The Stacked PRs feature is new to GitHub, but familiar from other code management and review systems, where it is often called stacked diffs. One well-known example was Differential, created by Facebook's Evan Priestley and Luke Shepard in 2007. "I was spending a lot of time waiting for code review to happen, which was a major motivator for building the tool," said Priestley. Differential became part of a suite of tools used by Facebook, called Phabricator, and was released as open source in 2011. Open source Phabricator ceased development in 2021, though a fork called Phorge remains actively maintained.

The developer workflow when using Stacked PRs is substantially different from that used without them. The bottom PR in a stack is normally based on the main branch, rather than a separate branch. Jackson Gabbard, who was an engineer at Facebook between 2006 and 2016, wrote a detailed explainer in which he said "people who have worked with Phabricator using a 'stacked diff' workflow generally love it and seek it wherever they next go."

A discussion of the feature on Hacker News is generally positive, though a developer observed: "I don't quite see the need for this CLI [command line interface]. Git has had some additions in the last few years that make this work natively." The CLI referenced here is the new GitHub-specific extension gh stack. Nevertheless, building this into GitHub is a major change, and the CLI simplifies its use. GitHub's Sameen Karim, who has been working on the feature, said that "the CLI is completely optional, you can create stacked PRs purely via the UI."

GitHub also has AI in mind. "The bottleneck is no longer writing code – it's reviewing it. Stacks help solve that," said Karim on LinkedIn. The stack CLI is also designed for use by AI agents, Karim said.

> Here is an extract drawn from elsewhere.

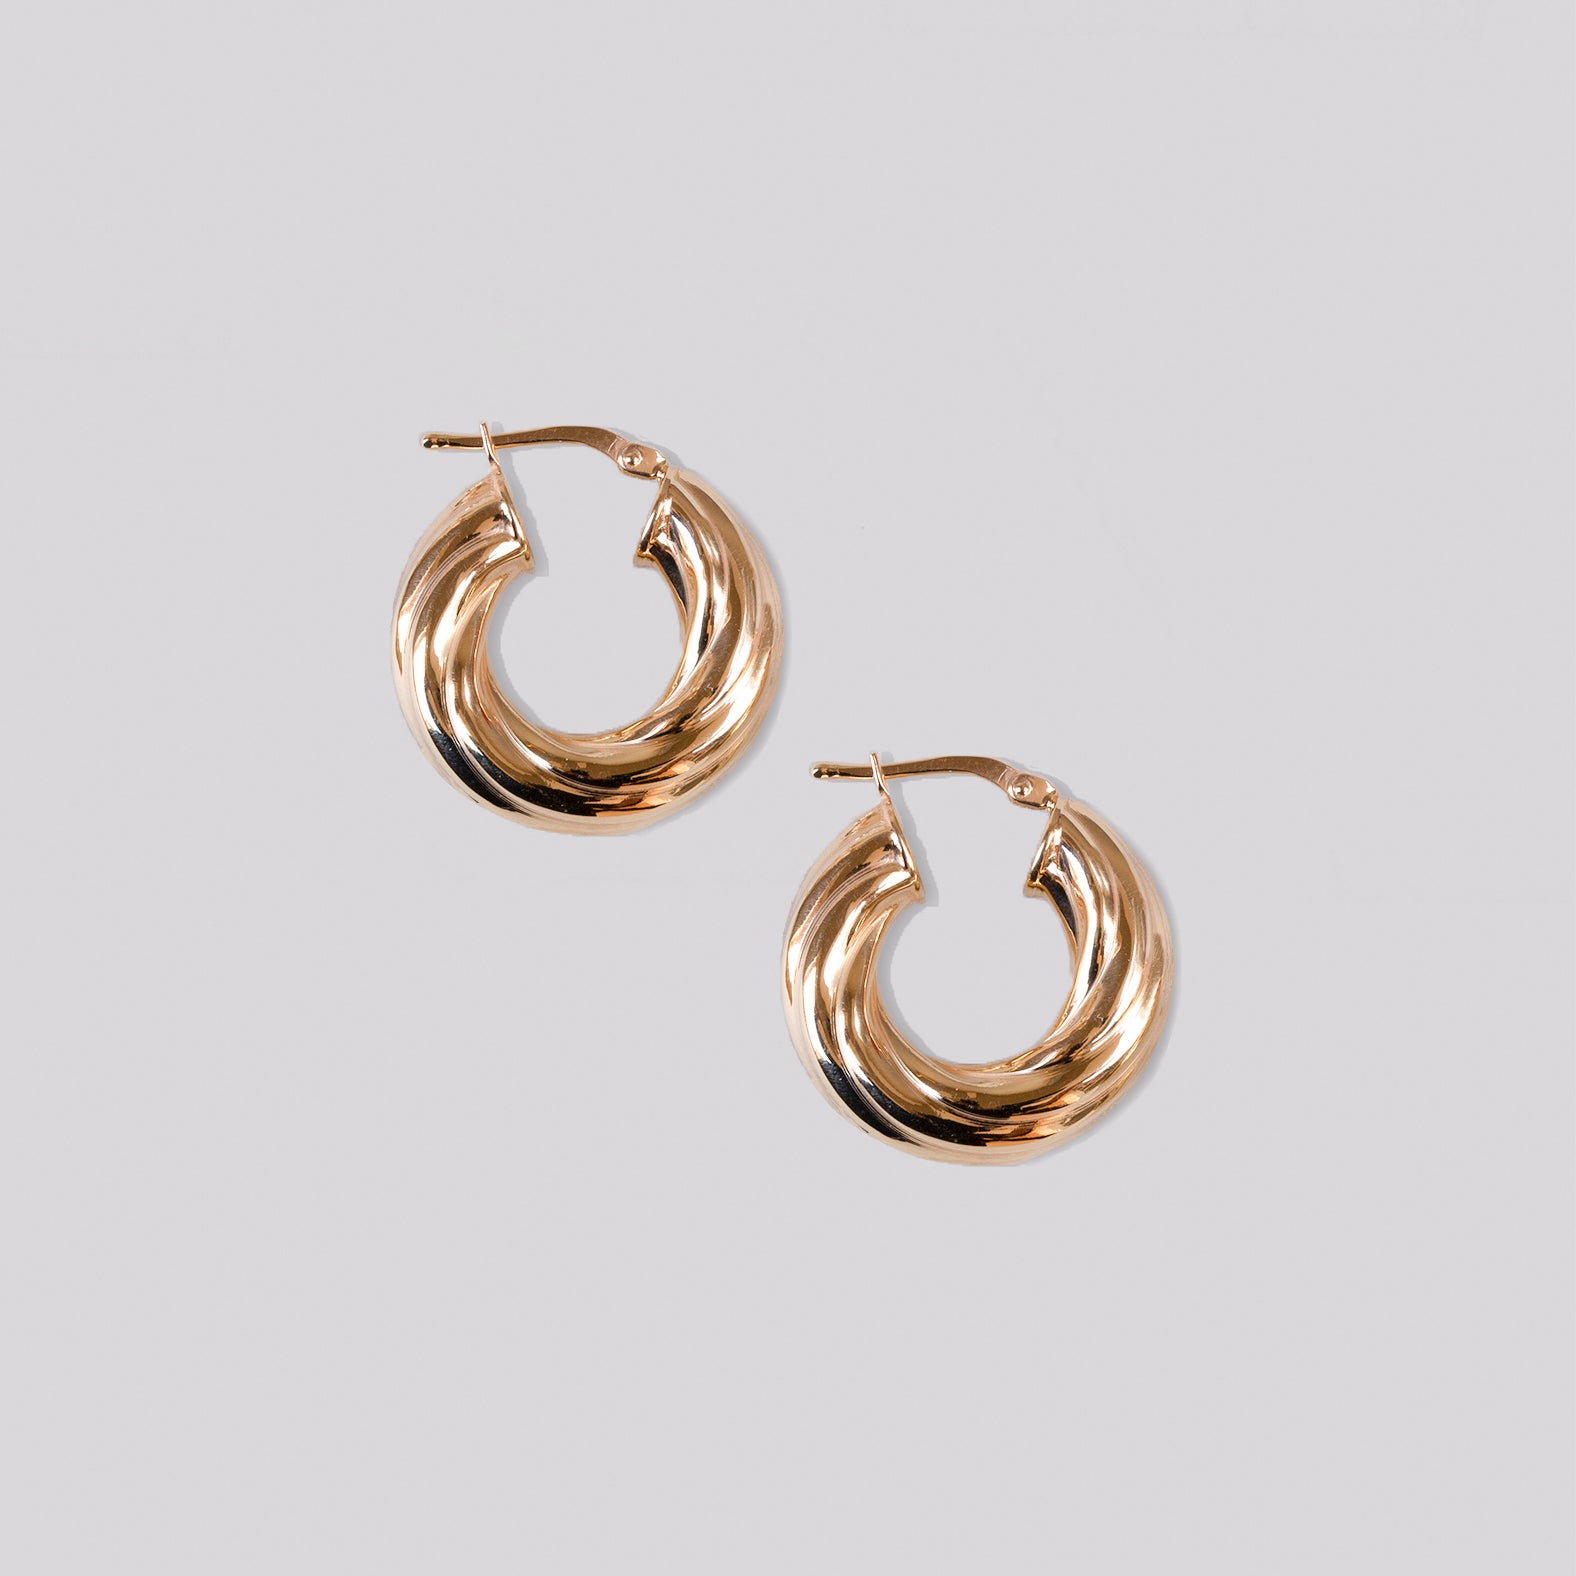 Gold Twisted Hoop Earrings - Large

This revival of Phabricator's stacked diff workflow represents GitHub's recognition that as AI coding tools accelerate code production, the review process has become the critical bottleneck. By making it easier to break down complex changes into reviewable chunks, GitHub aims to keep development velocity high even as code review demands increase.

For teams already familiar with stacked diffs from Phabricator or other systems, GitHub's implementation brings this proven workflow into the mainstream. For those new to the concept, it offers a structured way to manage complex feature development without overwhelming reviewers with massive pull requests.

The private preview status suggests GitHub is still refining the feature based on early feedback, but the company's commitment to making it work with both the web UI and CLI indicates they see stacked PRs as a core part of their platform's future development workflow.